Just for fun, we'll try a corpus of Singapore English.

You can find examples from the NIE Corpus of Spoken Singapore English

For comparison, we'll generate a US English sample using an online text-to-speech generator

In [ ]:
# Try something from the NIE Corpus of Spoken Singapore English
# http://videoweb.nie.edu.sg/phonetic/niecsse/index.htm
transcription = 'the north wind and the sun were disputing which was the stronger when a traveler came along'

# Singaporean English
!curl -o singaporean.wav -L 'http://videoweb.nie.edu.sg/phonetic/niecsse/nws/nws-SE-f1.WAV'

# ==================================================================
# American English
# 1. Go to https://www.text2speech.org in your browser
# 2. Generate a speech sample using the transcription text above
# 3. Replace the link to the .wav
!curl -o american.wav -L 'PASTE_YOUR_LINK_HERE'



sample_rate1, audio1 = prepare_input('singaporean.wav')
sample_rate2, audio2 = prepare_input('american.wav')
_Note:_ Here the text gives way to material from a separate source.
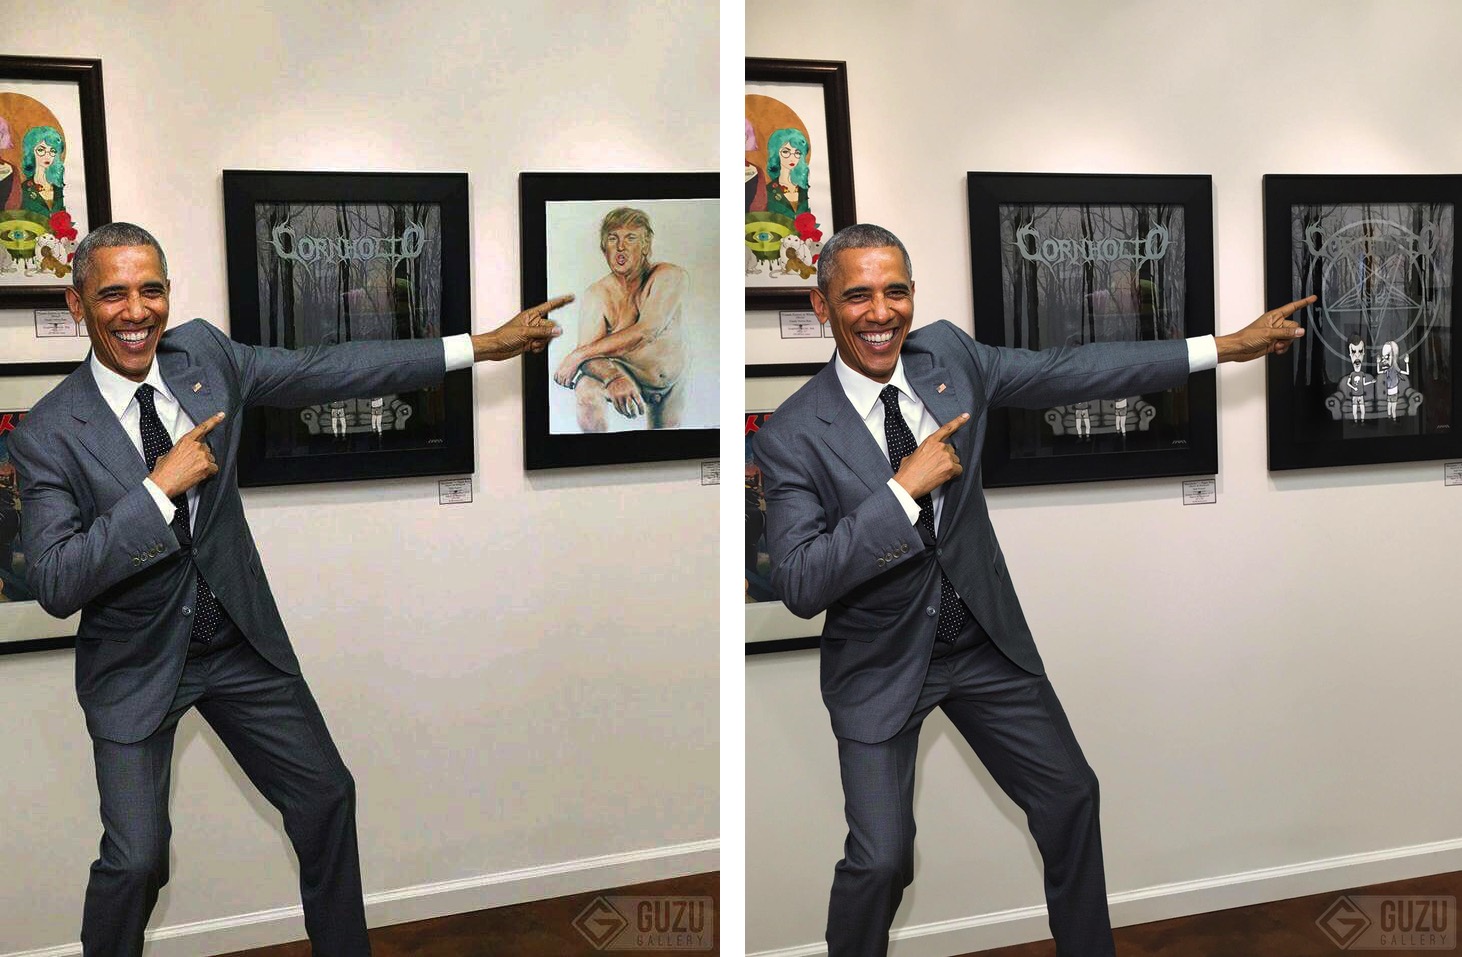 That Photo Of Obama Pointing At A Naked Portrait Of Trump Is Totally Fake (NSFW)
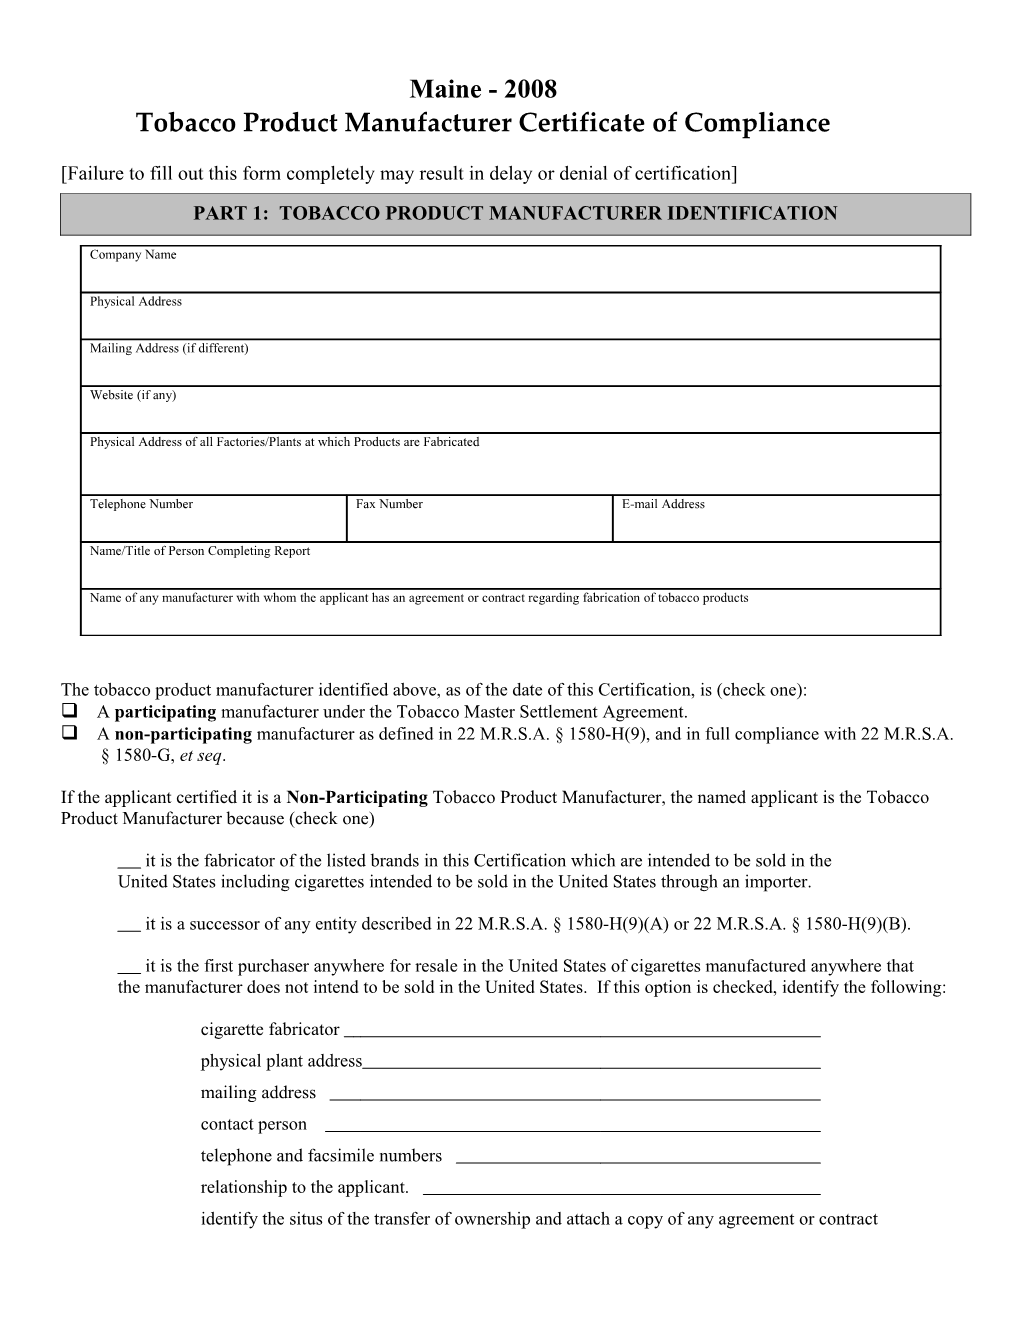 Failure to Fill out This Form Completely May Result in Delay Or Denial of Certification

visualize_input(sample_rate1, audio1, "Singaporean English")
visualize_input(sample_rate2, audio2, "American English")

Perform the inference

  • Load the acoustic model
  • Enable language model decoding
In [ ]:
# Constants
# These constants control the beam search decoder
# Beam width used in the CTC decoder when building candidate transcriptions
BEAM_WIDTH = 500

# The alpha hyperparameter of the CTC decoder. Language Model weight
LM_WEIGHT = 1.75

# The beta hyperparameter of the CTC decoder. Word insertion weight (penalty)
WORD_COUNT_WEIGHT = 1.00

# Valid word insertion weight. This is used to lessen the word insertion penalty
# when the inserted word is part of the vocabulary
VALID_WORD_COUNT_WEIGHT = 1.00

# These constants are tied to the shape of the graph used (changing them changes
# the geometry of the first layer), so make sure you use the same constants that
# were used during training

# Number of MFCC features to use
N_FEATURES = 26

# Size of the context window used for producing timesteps in the input vector
N_CONTEXT = 9

# Load the acoustic model
ds = Model(MODEL_GRAPH, N_FEATURES, N_CONTEXT, LM_ALPHABET, BEAM_WIDTH)
print('Loaded model')

# Load the language model
ds.enableDecoderWithLM(LM_ALPHABET, LANGUAGE_MODEL, LM_TRIE, LM_WEIGHT,
                       WORD_COUNT_WEIGHT, VALID_WORD_COUNT_WEIGHT)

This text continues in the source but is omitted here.